» **WHAT YOU NEED TO DO**:
Below this line is the material. Write out only its lines from the one containing "Resurrection Vintage is" through the one containing "Authenticity Guaranteed", both kept, exactly.

» **DATA EXTRACTS**:
▬▬▬▬▬▬

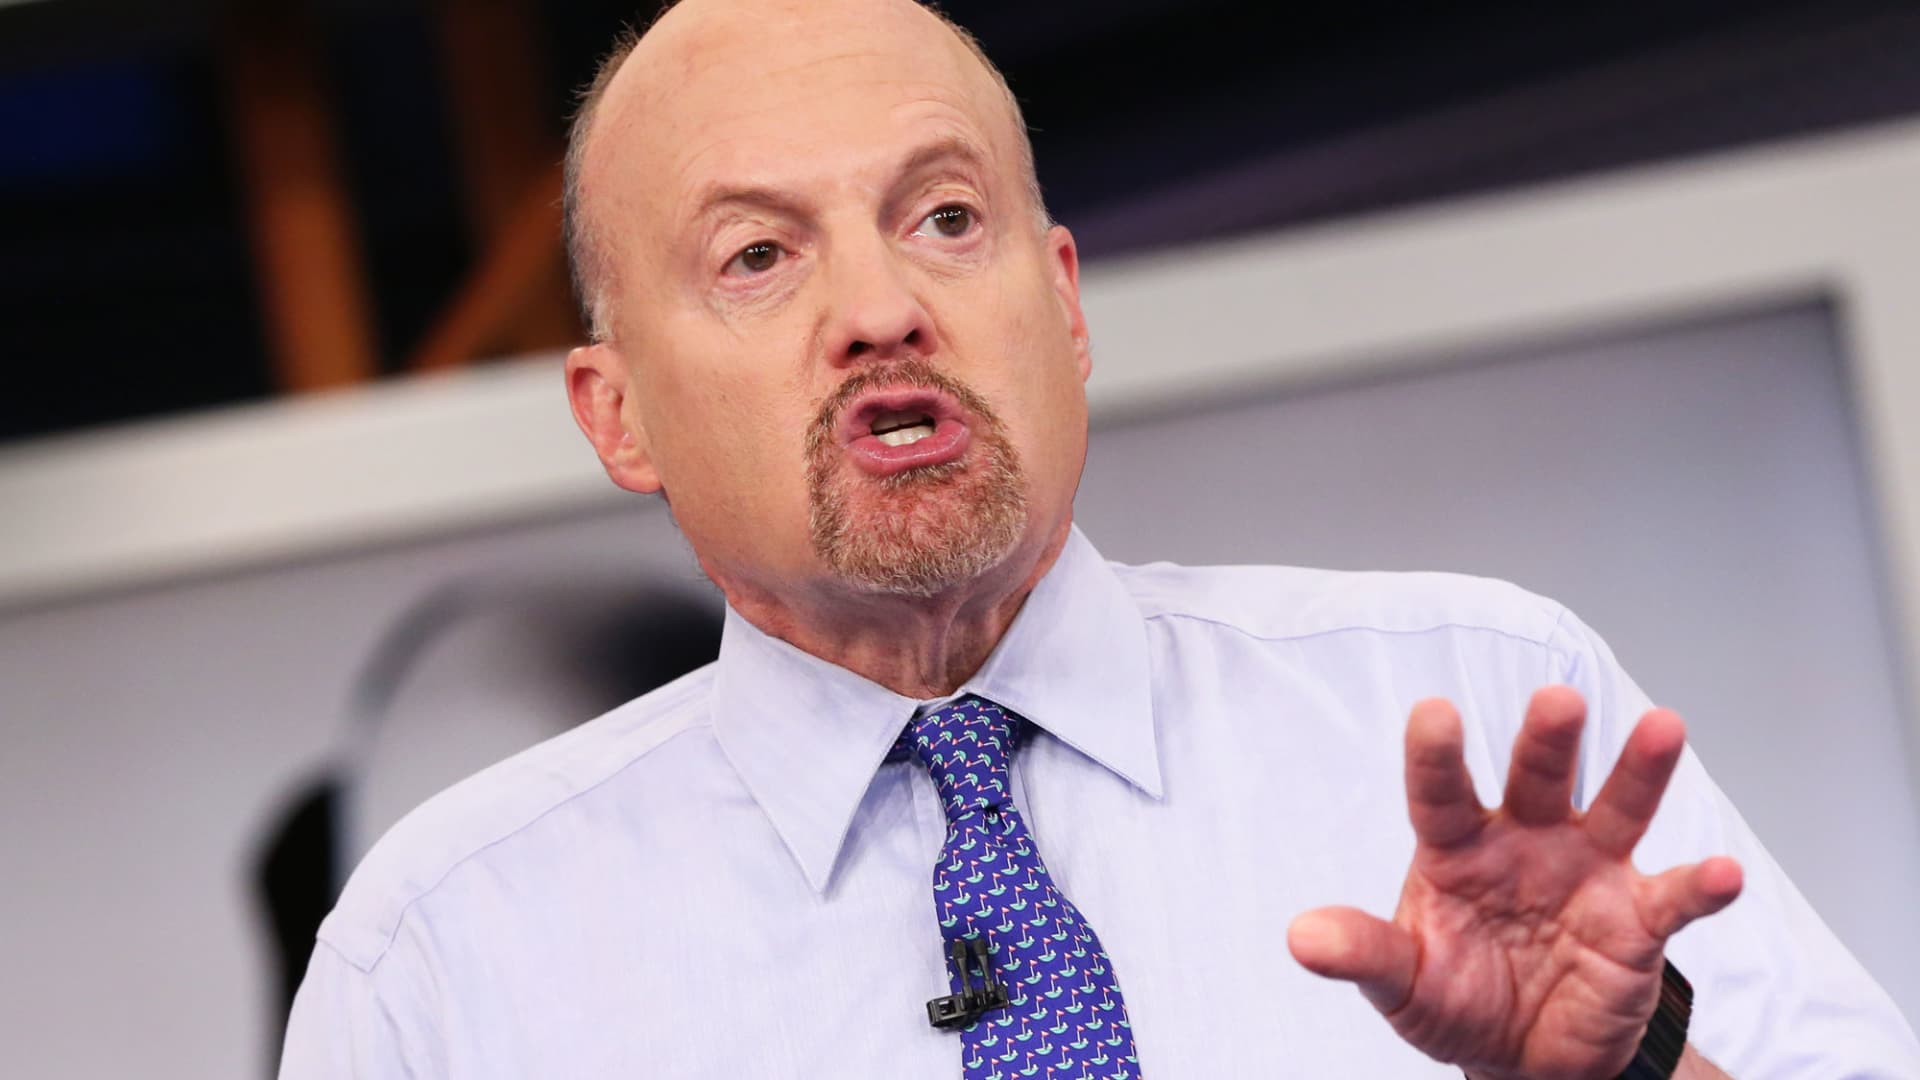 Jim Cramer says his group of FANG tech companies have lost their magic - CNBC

▬▬▬▬▬▬

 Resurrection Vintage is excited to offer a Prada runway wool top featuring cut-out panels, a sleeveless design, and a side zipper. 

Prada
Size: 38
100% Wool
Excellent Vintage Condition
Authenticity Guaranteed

▬▬▬▬▬▬

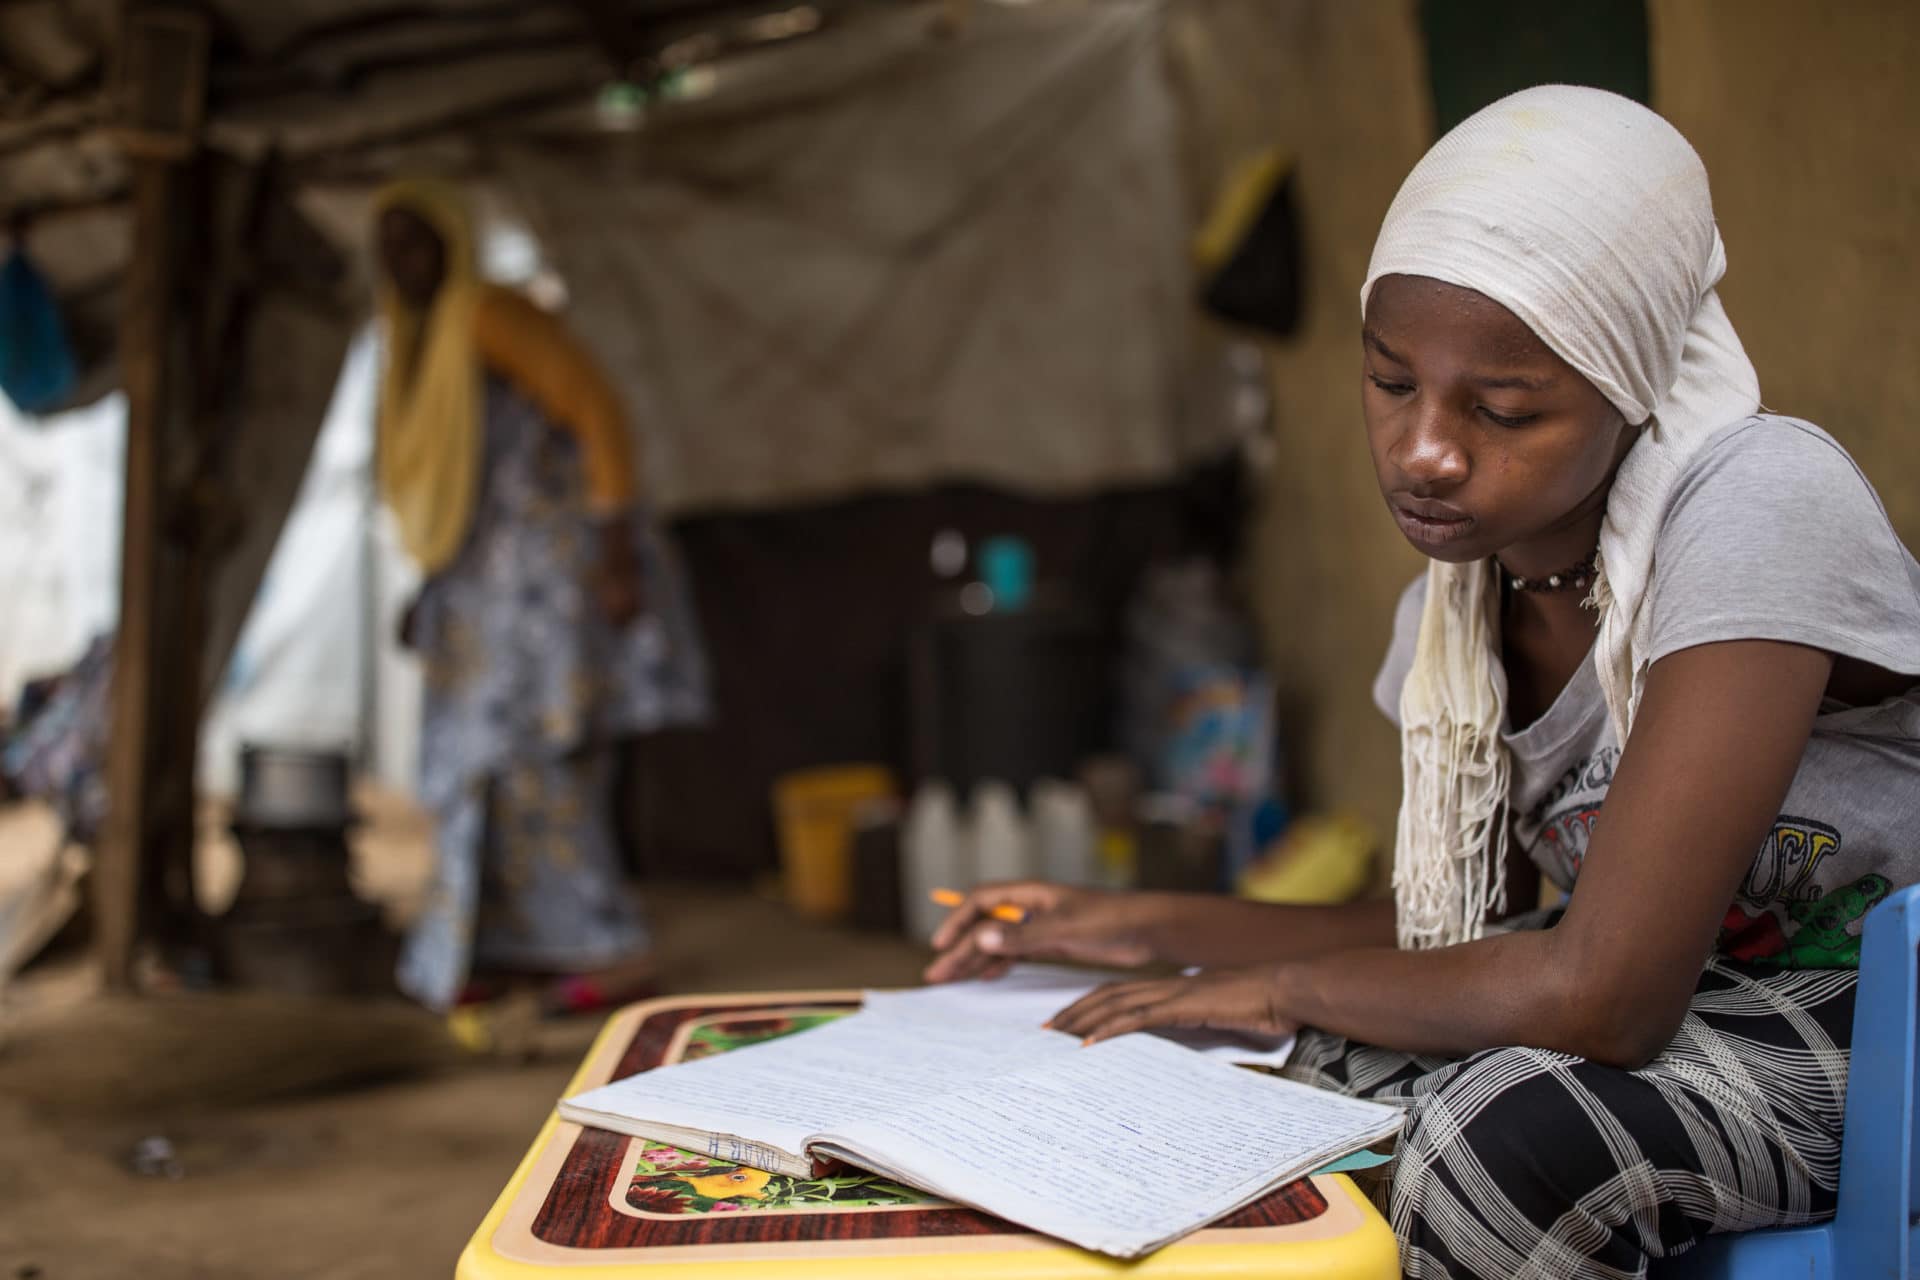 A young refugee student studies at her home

▬▬▬▬▬▬

» **REPLY**:
 Resurrection Vintage is excited to offer a Prada runway wool top featuring cut-out panels, a sleeveless design, and a side zipper. 

Prada
Size: 38
100% Wool
Excellent Vintage Condition
Authenticity Guaranteed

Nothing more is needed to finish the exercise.